Further Adventures of White Chocolate and The Green Mile

It never rains in Southern California, but when it does, it causes a lot of havoc.  It’s like it builds up over time and dumps on us all at once.  Right around the time John (The Green Mile) and I first started out, we got hit with a storm, pouring rain and freezing cold.  We began our night at our favorite place to eat, a BBQ restaurant that didn’t skimp on the sugary sauce.  We quickly learned that starting the night stuffing our selves doesn’t make it easy to keep going, all those extra calories build up a sluggish lugchovy. 

Our first house was a small one in a bad part of town.  It was in mid autumn, so it was getting darker earlier, and with the rain, it was even more difficult to see.  Our target was a large female who had not been reporting to the office or responding to calls.  We were worried she might be dead.  

The rain was terrible, like walking around in an icy shower, and the noise made it difficult to call anything out on the radio.  The chilly water was building up on the bill of my baseball hat, dripping down in a steady stream along the sides and pooling at my collar bone.  After a few knock and notice announcements at the door, we let ourselves in.  It was unlocked.  The house was pitch black, with the only light coming from the TV blasting channel zero (the tricolor columns and the steady beep), and one window with the street light beam struggling to be seen through the waterfall on the pane.  The pale light robbed all the colors in the room, everything was grey or white…  And the rain noise, so much noise, it sounded like we were in a tin house. 

With the exception of the TV and a small couch in the front room, it was empty.  

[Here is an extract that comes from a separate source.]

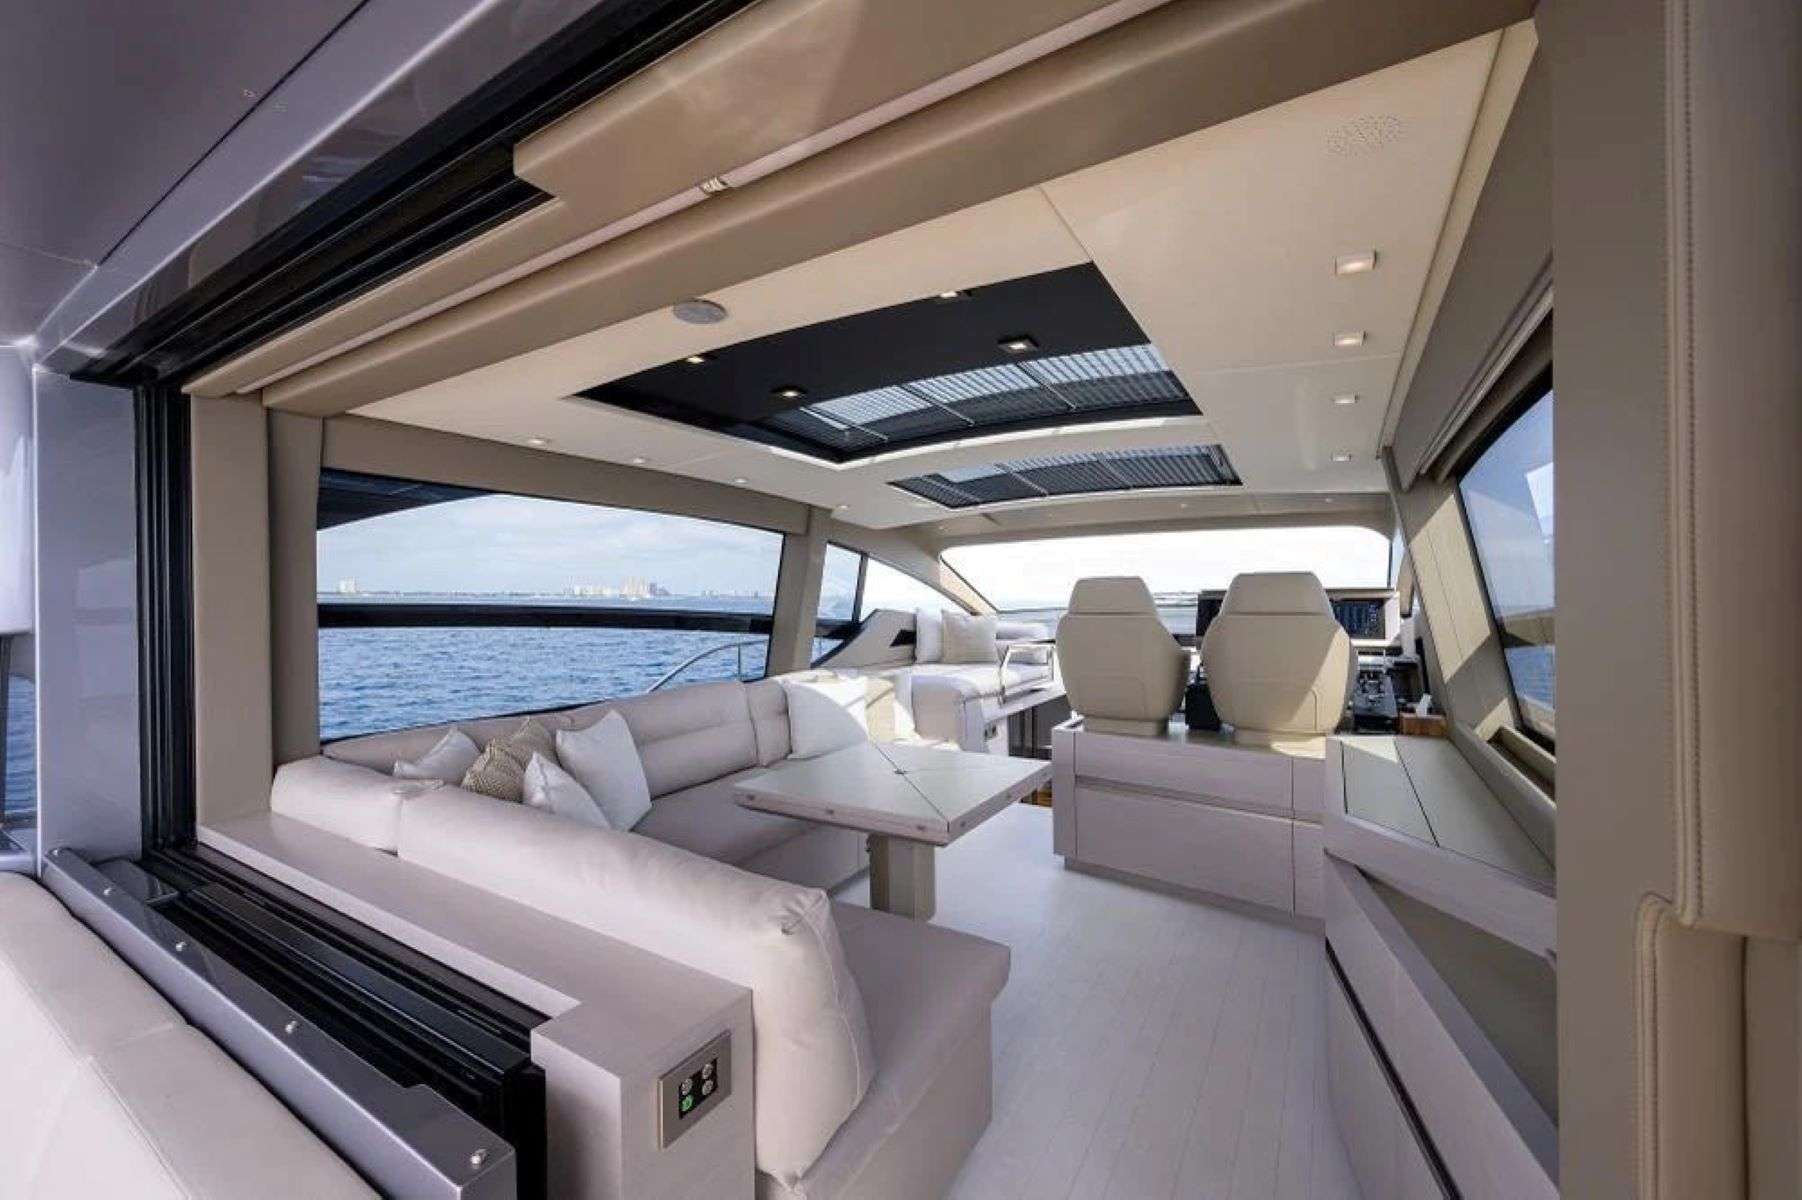 Amici - Yacht Charter Newport & Boat hire in Summer: USA - New England | Winter: USA - Florida East Coast 2

Maybe it was the Halloween time of year, or the heavy stomachs loaded with rib meat, but the house had a spooky feeling about it.  There was no light, just shadows, and the cold wind was sweeping up my spine from the open door behind us.  The house was old, with real hardwood floors; our wet shoes were squeaking around adding to the creep. We used our flashlight to cut through the darkness.  There was one more room to search.  We cautiously peeped around the door frame, first John, then me.  It was empty… except for a piled up blanket lying in the middle.  

“Okay, that’s it, let’s take off,” I said anxiously.  The creepy tension was getting too much and I wanted to move on.

Just then there was a gasp, like all the air in the room was being sucked into a giant vacuum.  The blanket went from a horizontal pile to a vertical post with a fuzzy dark mop at the top.  Gravity pulled at the blanket and exposed a pale face, painted blood red and white like an evil clown, mouth wide open exposing hundreds of sharp teeth.  Then the mouth formed into an evil smile and the clown looked right at me.  I jumped straight up and shrilled like a young child.  I looked like Scooby Doo jumping into Shaggy’s arms, only it wasn’t Shaggy, it was The Green Mile.  

Okay, that last part didn’t happen, but it’s what I saw.  Under the blanket was our girl, sleeping.  She heard us and popped up.  She didn’t have clown makeup on, or sharp teeth.  … and thankfully, I didn’t jump on The Green Mile.  However, I did jump back bit and maybe let out a frightened peep.  That happened a long time ago, and I can still hear The Green Mile laughing. 

We got her up and The Green Mile took her into the living room for a check-in talk.  Once my pulse got below 120 I let my flashlight sweep the room.  I saw a glare of something metal. There was a gun under the blanket with our girl.  Good thing I squeaked a little, probably distracted her and saved our lives.  

“Hey man, there’s a gun in here,” I said puzzled.

“Well get it out of there!” 

Oh yeah, we gotta get control of weapons in a house.  I think I was still rattled from Pennywise.  

We had to arrest our girl for possession of a firearm, driving to jail through the downpour.  On our way, we debriefed our time in the house.  I’m afraid the main points of review were my possible jump in fright, looking like a squealing pre-teen.  I really don’t remember it that way, but I think The Green Mile does.